Okay, no problem, I stuffed the Big Dogs, Layla and Dudley, in the car, grabbed Wit, the puppy, and away we went in the freezing cold rain. The Big Dogs assumed their usual positions for car rides: Dudley began snoring in the back and Layla surfed, standing right over my shoulder, occasionally wiping her nose in my hair. Wit got busy trying to chew anything she could get in her mouth, including the gear shift. Yeah, it was a fun ride.

I pulled up behind Alex's house and was relieved to see the garage door safely in the CLOSED position. I happily called him to give him the good news and he asked me if I was INSIDE the house? "Uh, no", I said, "the dogs and I are in the car, in the alley BEHIND your house, and the door's down...all safe and sound."

Then Alex informed me thieves routinely pull into an open, empty garage, close the garage door behind them, and proceed to loot and pillage to their heart's content with no threat of discovery. "I need you to go inside the house and make sure they're not inside, stealing my stuff."

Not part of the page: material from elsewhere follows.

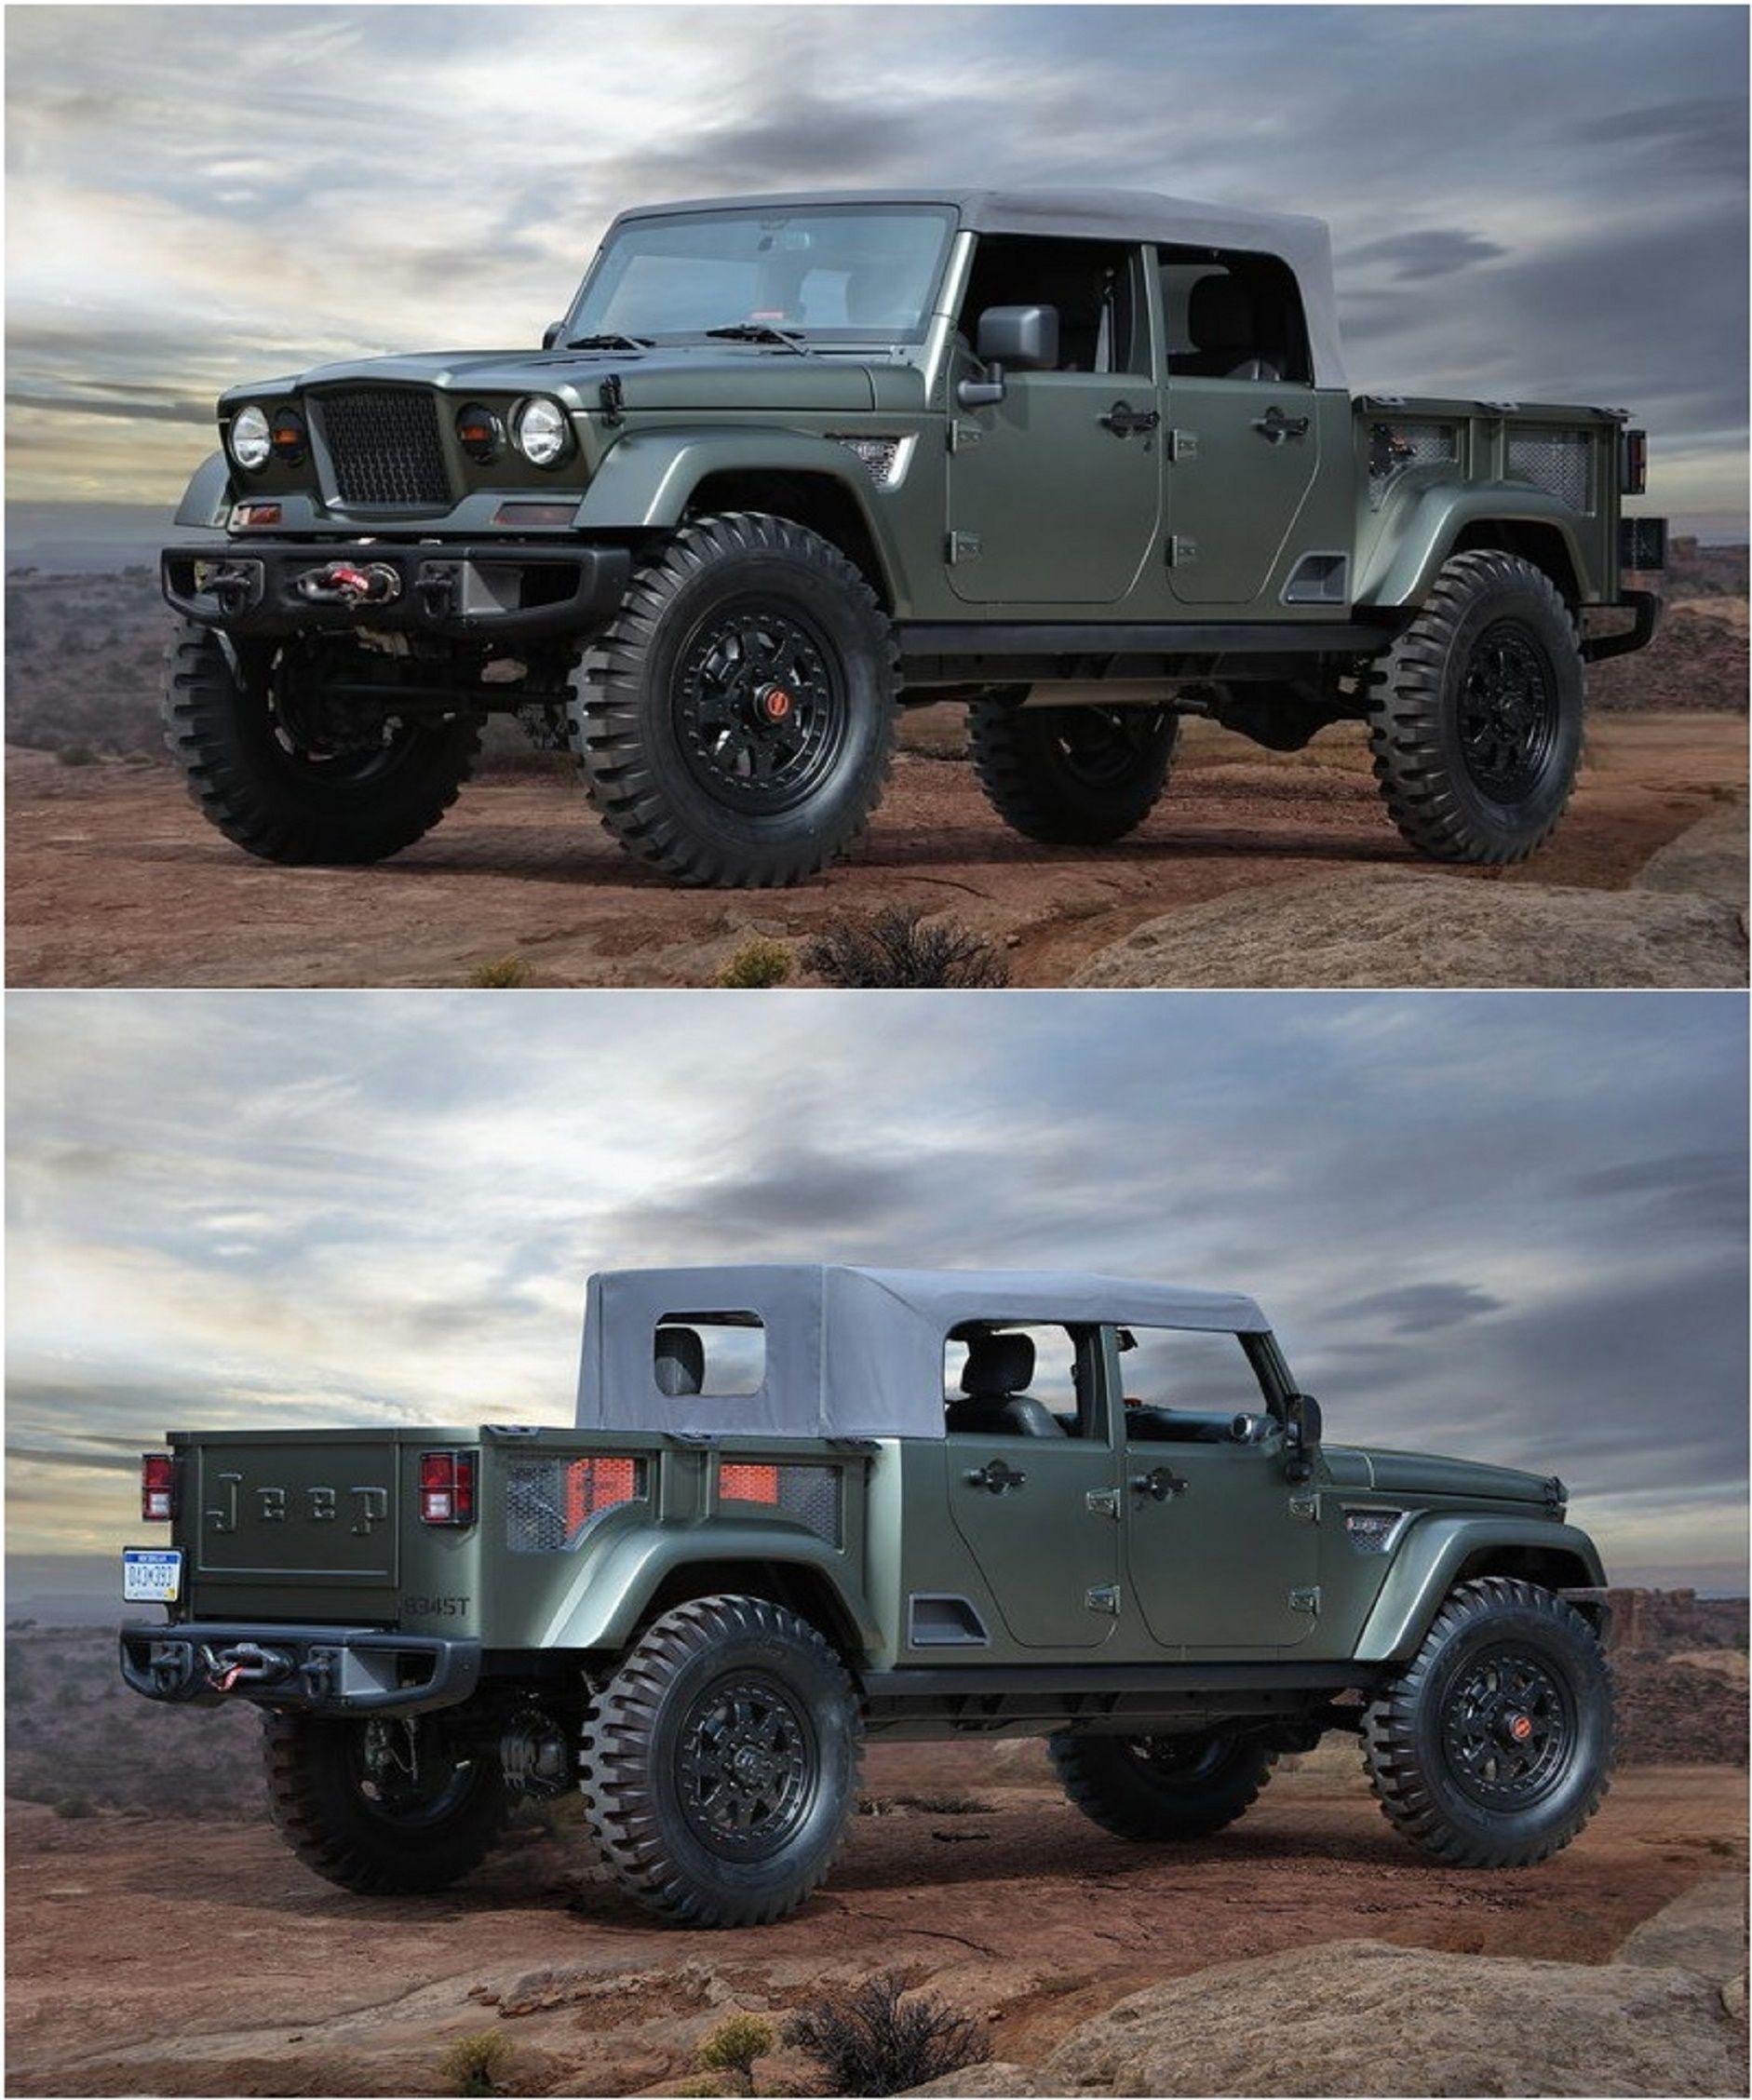 Aev jeep tj brute jeep wrangler yj tj jk pinterest jeep tj jeeps and jeep vehicles

Okay, now stop and think about this for just a minute. This 22 year old son of mine, the one who was born a FULL WEEK after his due date and caused me to be in labor for almost 20 hours. The one who, over the years, has put me through various trials and tribulations, such as: stitches in his upper lip after sword fighting with PVC pipe; falling in the Lagoon at Fair Park on a field trip; asthma and breathing treatments; scoliosis; and, six, count 'em SIX sets of ear tubes, just to name a few. THIS SON OF MINE wants his 48 year old MOTHER to go into his house and see if it is currently being raided by hardened, crazed, crack addicted thieves. No problem, I'll just yell "Yoo-Hoo" really loud before I enter so as to give them plenty of time to LOAD THEIR WEAPONS!

And, if you know me, you won't be surprised to learn that my response was a resigned, "Well, okay, I'll call you when I get inside". See? My family knows me well enough to know that not only am I NOT a Girly Girl...I don't even THINK about dealing with things in Girly Girl ways.

It never occurs to me NOT to climb the 6 ft. fence, or get in the elevator with the guy wearing the ski mask and carrying a rope. I don't think twice about standing in the way of the plumber's van when he tries to leave without first doing the job he was hired to do, or checking to see if the suspicious character in the alley is breaking into a neighbor's shed (he was).

No, I don't think at all...I just react, and such is NOT the way of the natural born Girly Girls of the world. That's okay, though. My family doesn't need a Girly Girl. They need me, their own personal STAHMBO. But, I better get flowers on Mother's Day, is all I'm saying.